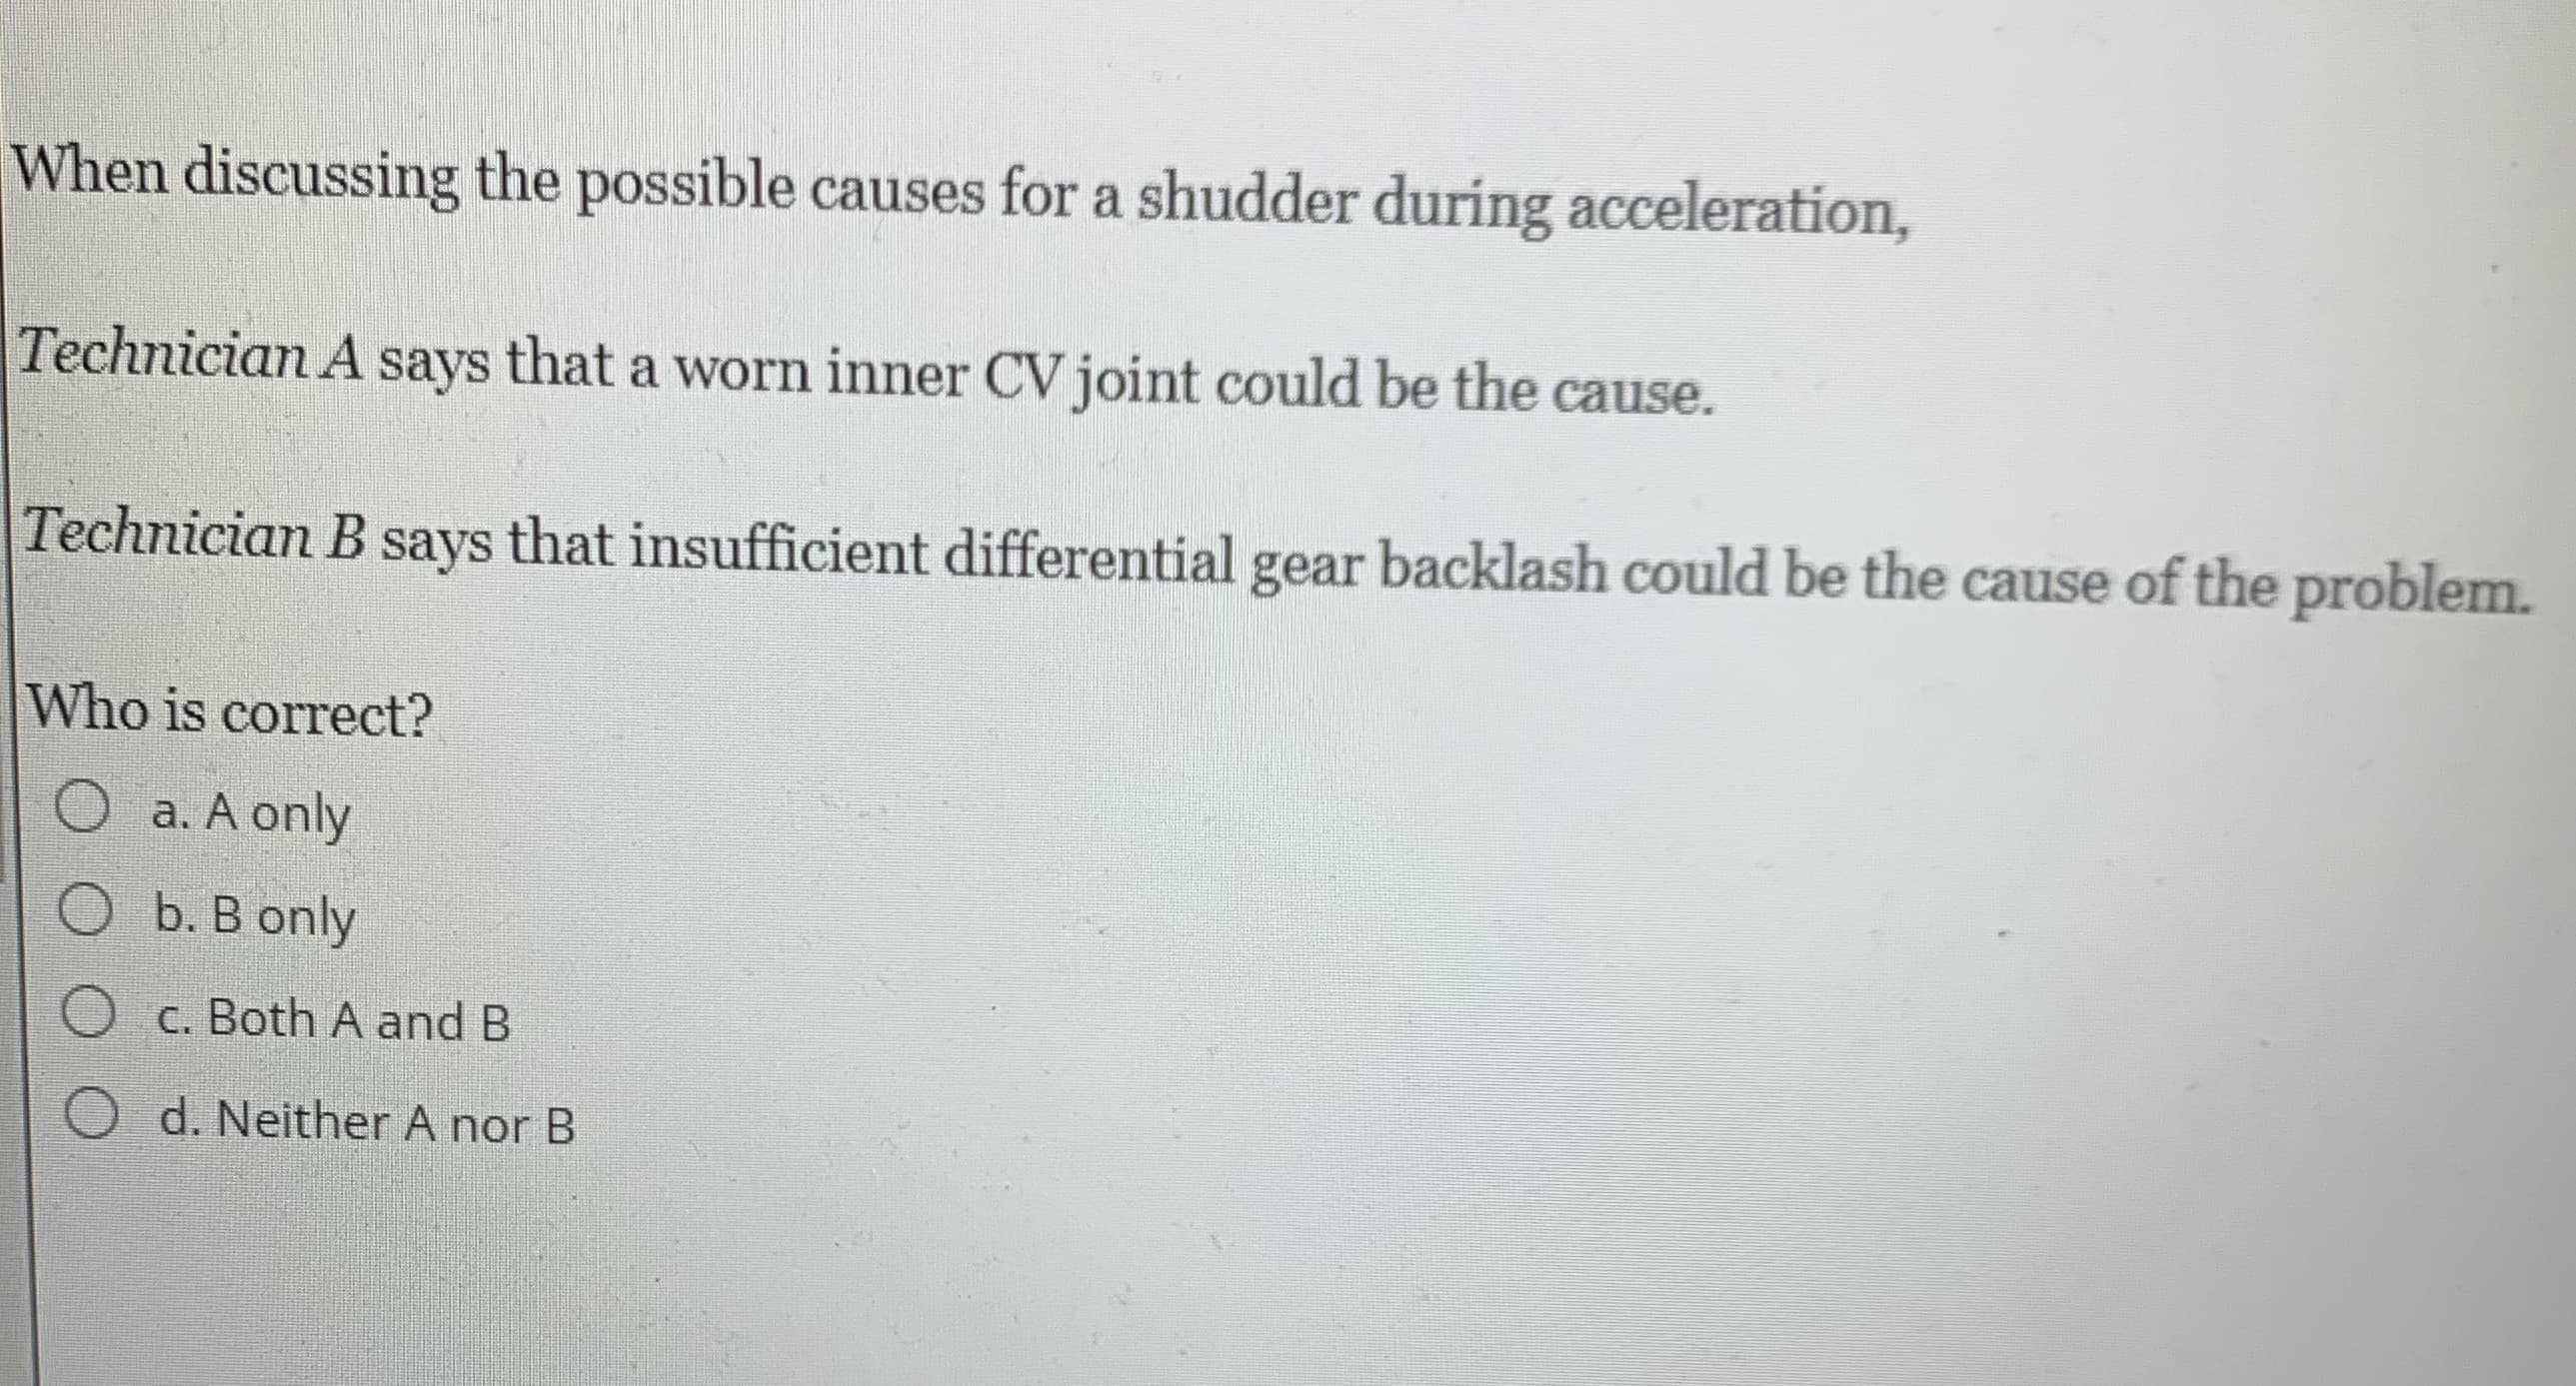 When discussing the possible causes for a shudder during acceleration,
Technician A says that a worn inner CV joint could be the cause.
Technician B says that insufficient differential gear backlash could be the cause of the problem.
Who is correct?
O a. A only
O b. B only
O c. Both A and B
O d. Neither A nor B

# # # #

- Work instruction:
Print the listing verbatim; no pictures.

- Answer box:
 When discussing the possible causes for a shudder during acceleration,
Technician A says that a worn inner CV joint could be the cause.
Technician B says that insufficient differential gear backlash could be the cause of the problem.
Who is correct?
O a. A only
O b. B only
O c. Both A and B
O d. Neither A nor B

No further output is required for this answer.